Komisja wyjaśniła, że Tymoszenko dążyła do anulowania zadłużenia w wysokości 405 milionów dolarów, które należące do niej w przeszłości firmy miały wobec rosyjskiego ministerstwa obrony. Według raportu, Tymoszenko miała także ukrywać, że w Rosji prowadzono śledztwa w sprawie łapówek, które wręczała urzędnikom resortu obrony w Moskwie. "Okoliczności te świadczą o konflikcie interesów i miały istotny wpływ na podjęcie przez byłą premier decyzji korzystnej dla obcego państwa" - czytamy.
"Działania Tymoszenko noszą oznaki zdrady stanu"

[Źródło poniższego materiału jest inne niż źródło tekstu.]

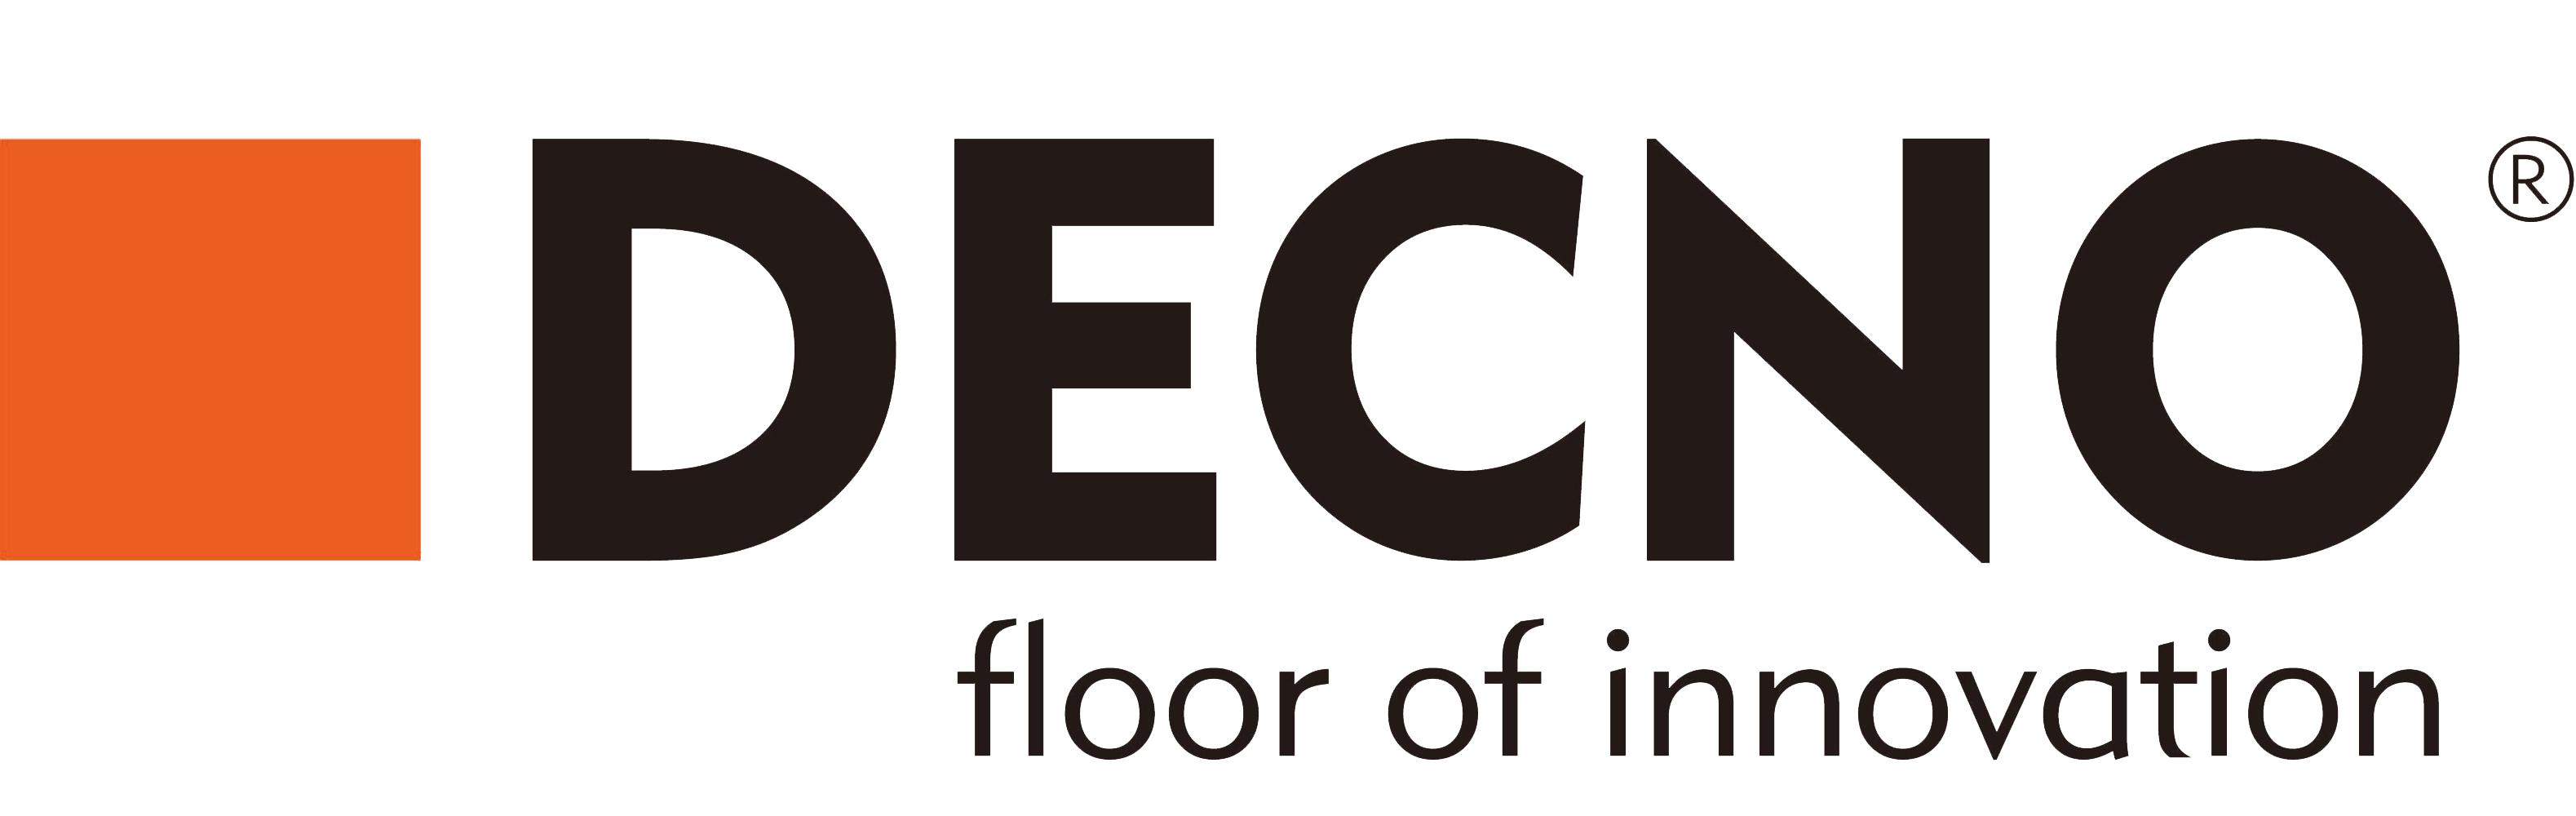 DECNO LOGO,floor of innovation

Autorzy raportu przekonują, że Ukraina otrzymała od Rosji wyższą cenę gazu w wyniku "tajnych rozmów" Tymoszenko z premierem Władimirem Putinem. "W działaniach byłej premier Ukrainy Julii Tymoszenko widoczne są oznaki przestępstw oraz osobista zależność i zaangażowanie, które przekracza ramy nadużycia władzy i kompetencji służbowych, za które Tymoszenko została skazana przez sąd. (...) Działania Tymoszenko noszą oznaki zdrady stanu" - napisano w dokumencie.

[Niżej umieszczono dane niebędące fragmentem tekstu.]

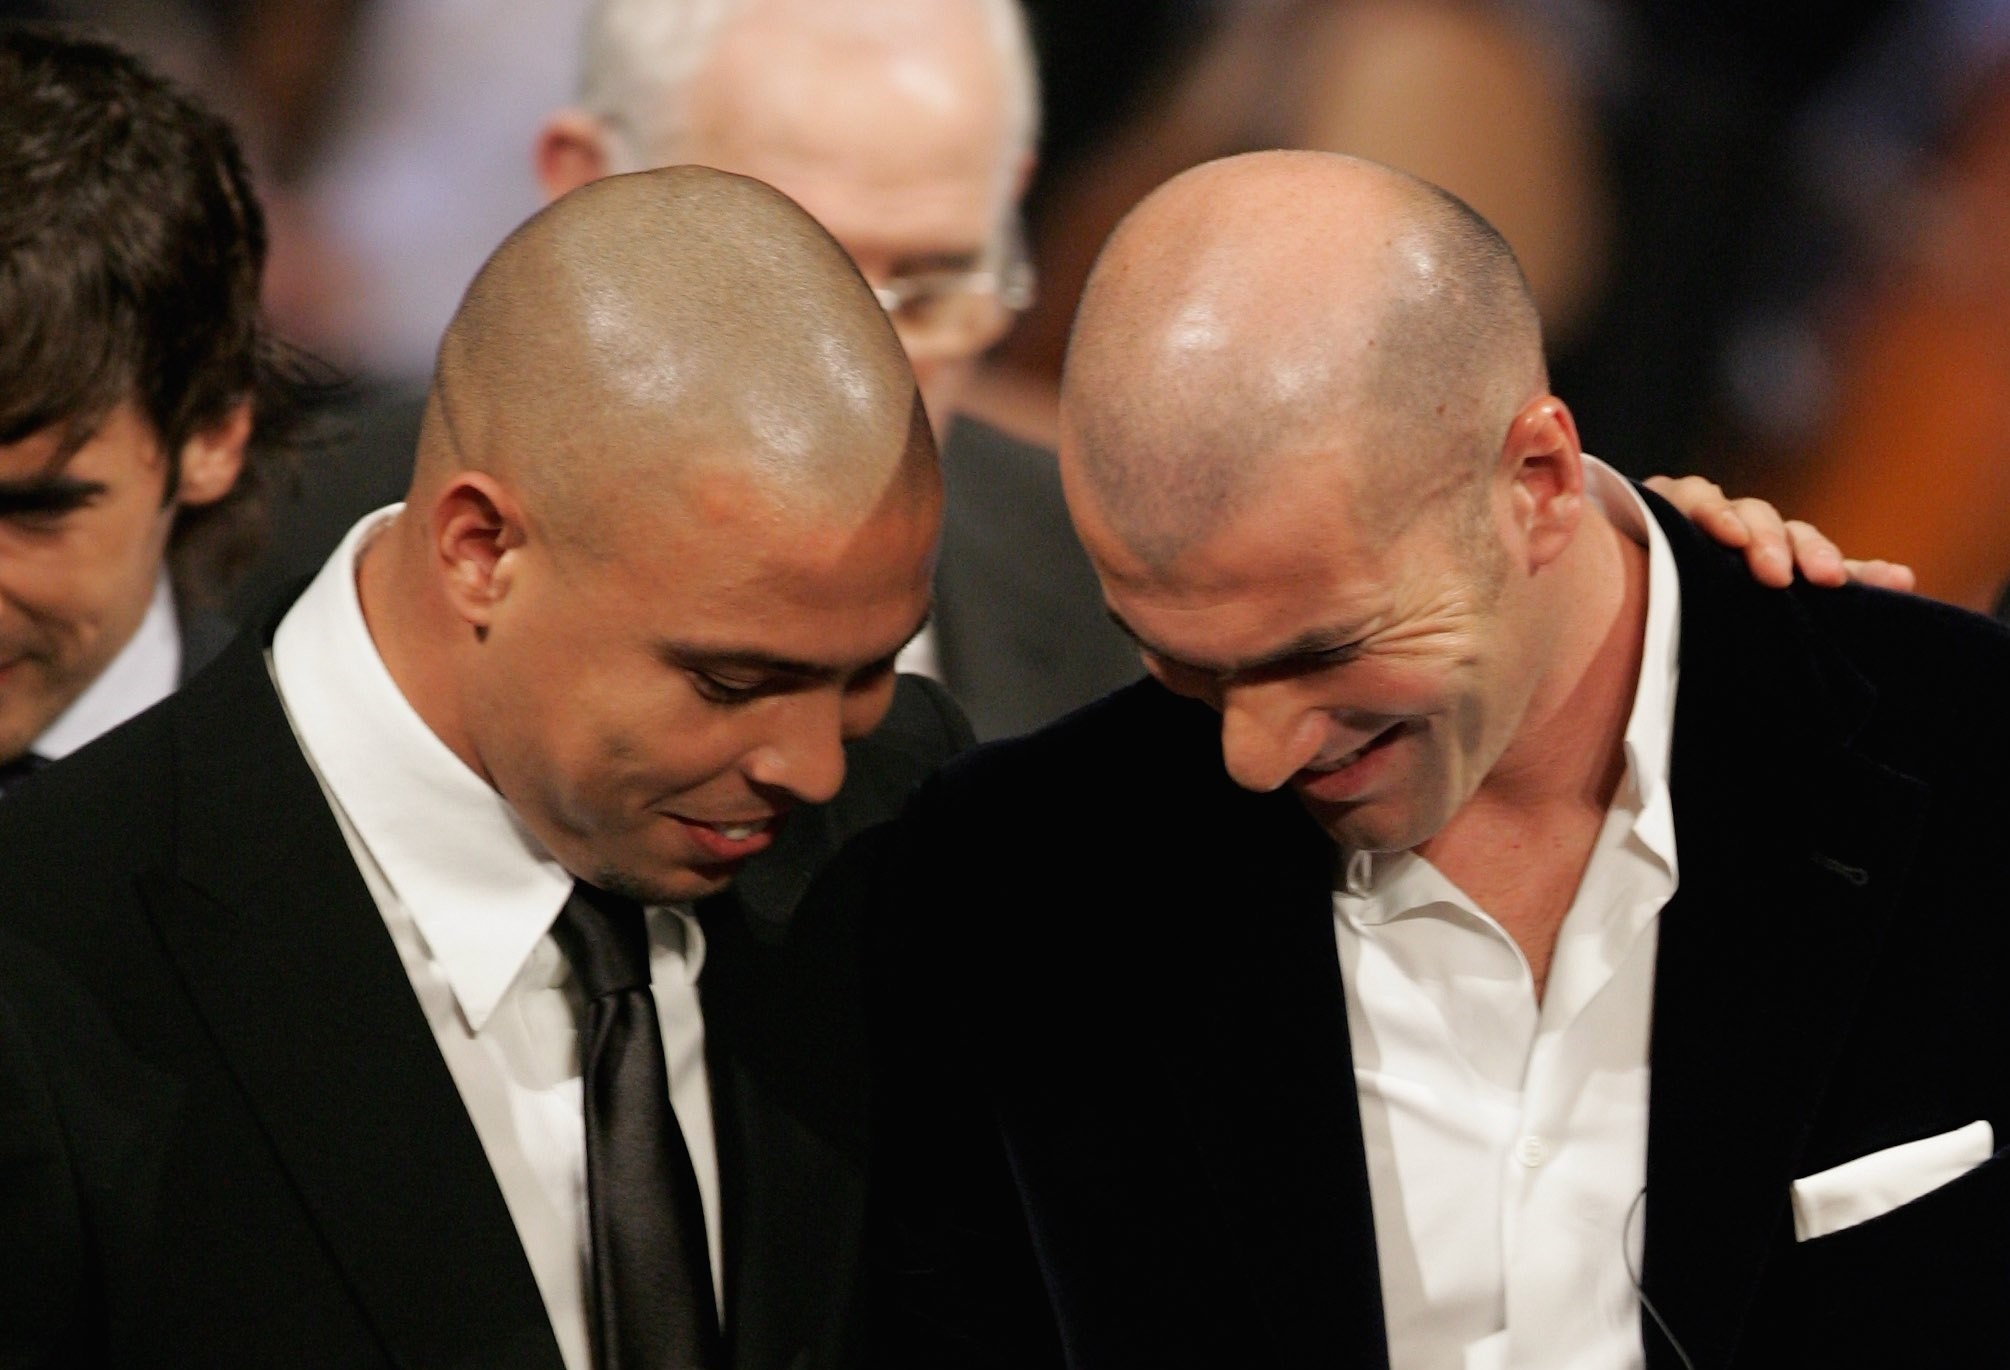 Vaza conversa entre Ronaldo Fenômeno e Zidane sobre Cruzeiro na premiação da Bola de Ouro

Wyrok siedmiu lat więzienia Tymoszenko usłyszała w październiku 2011 r. Była premier jest przekonana, że wyrok ten wydano, by wyrugować ją z polityki. Tymoszenko była najważniejszą konkurentką obecnego szefa państwa Wiktora Janukowycza w zwycięskich dla niego wyborach prezydenckich na początku 2010 roku. Była premier odbywa karę w żeńskiej kolonii karnej w Charkowie.

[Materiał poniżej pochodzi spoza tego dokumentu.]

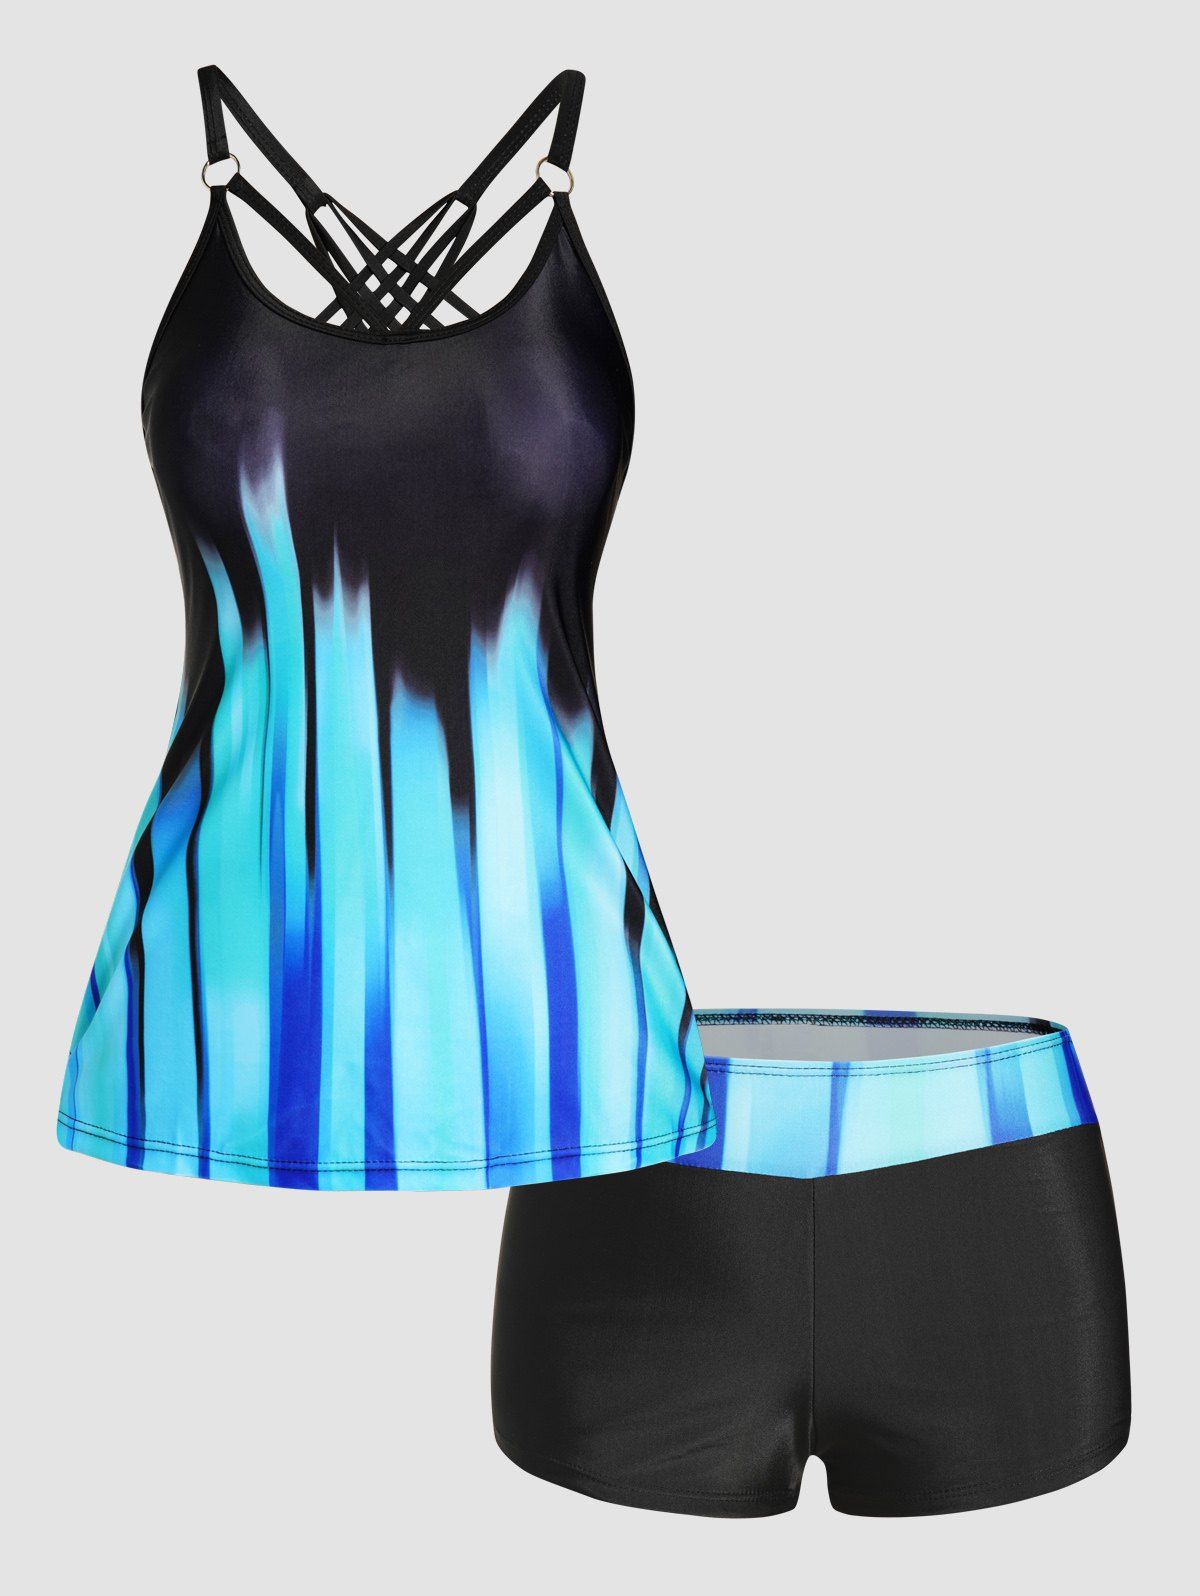 Ombre Stripe Print Tankini Swimsuit Crisscross Padded Tankini Two Piece Swimwear Boyleg Bathing Suit - BLUE XL

"Mogą napisać, że Tymoszenko zabiła Chrystusa"
W odpowiedzi na zarzuty komisji śledczej adwokat Tymoszenko Serhij Własenko uznał, że mogą one posłużyć za pretekst do nowych oskarżeń pod adresem jego klientki. W ocenie obrońcy zawarte w raporcie oskarżenia są tak samo absurdalne, jak jej proces sądowy i wyrok. - Na polecenie Janukowycza mogą oni (członkowie komisji - red.) napisać, że Tymoszenko zabiła Chrystusa i znajdą świadków, którzy potwierdzą, że to widzieli, a Inna Hermaniwna (Bohosłowska) to podpisze - powiedział Własenko.